A tavern sounded… very tempting. Warm, good beer-and most of all, a familiar and comfortable situation. As opposed to marching into a monastery-become-peculiar-charity-project, where lurked a young female who intimidated Thorsten almost as much as she attracted him.
In the end, the decision was made for him. The big door to the settlement house opened and Caroline herself emerged. With the same incredible smile on her face that Thorsten vividly remembered.
Did more than remember, actually. In the weeks since he'd last seen her, he'd used the memory of that smile to fend off the image of Robert Stiteler being slaughtered. That worked very well, he'd found. He was having fewer and fewer nightmares and flashbacks as time went on.
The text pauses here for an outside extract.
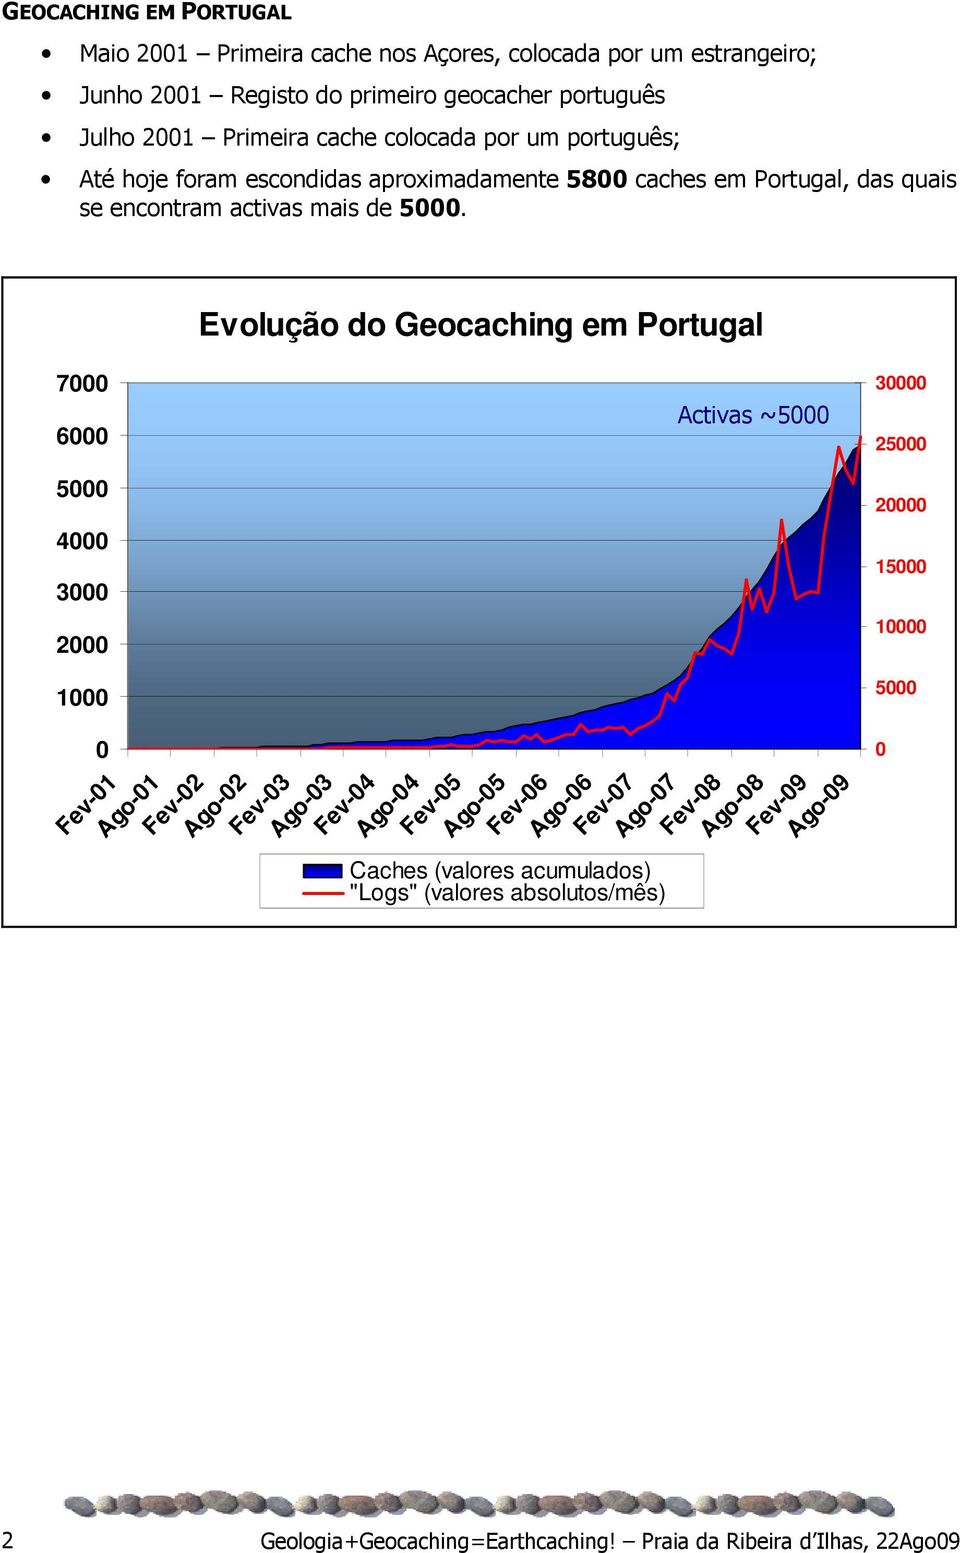 Evolução do Geocaching em Portugal 7000 6000 Activas ~5000 30000 25000 5000 20000 4000 3000 2000 1000 0 Fev-01 Ago-01 Fev-02 Ago-02 Fev-03 Ago-03 Fev-04 Ago-04 Caches

"Do you always make a habit of this?" she asked him cheerfully.
Peering out the same frosted window through which Caroline had first spotted Thorsten Engler standing outside, Maureen Grady smiled almost as widely as Caroline. "Well, this is shaping up nicely. I am so fond of men who aren't always cocksure about everything."
Anna Sophia, the dowager countess of Schwarzburg-Rudolstadt, half-rose from her seat near the window and looked out also. "Is that the young man you mentioned to me last week?"
Her nineteen-year-old sister-in-law Emelie, born a countess of Oldenberg-Delmenhorst but the new countess of Schwarzburg-Rudolstadt since her marriage the previous summer, rose from her chair and came to the window also. "Nice-enough looking fellow, I will say that. But are you sure he's suitable for our precious Caroline?"
Maureen started to say something, but broke off in a half-choked laugh when she spotted the expression on the face of the older countess. Anna Sophia was looking very prim and proper indeed. Much the way a middle-aged and eminently respectable lady reacts to something unmentionable being spoken aloud in public. Silence, that somehow still manages to exude wordless disapproval.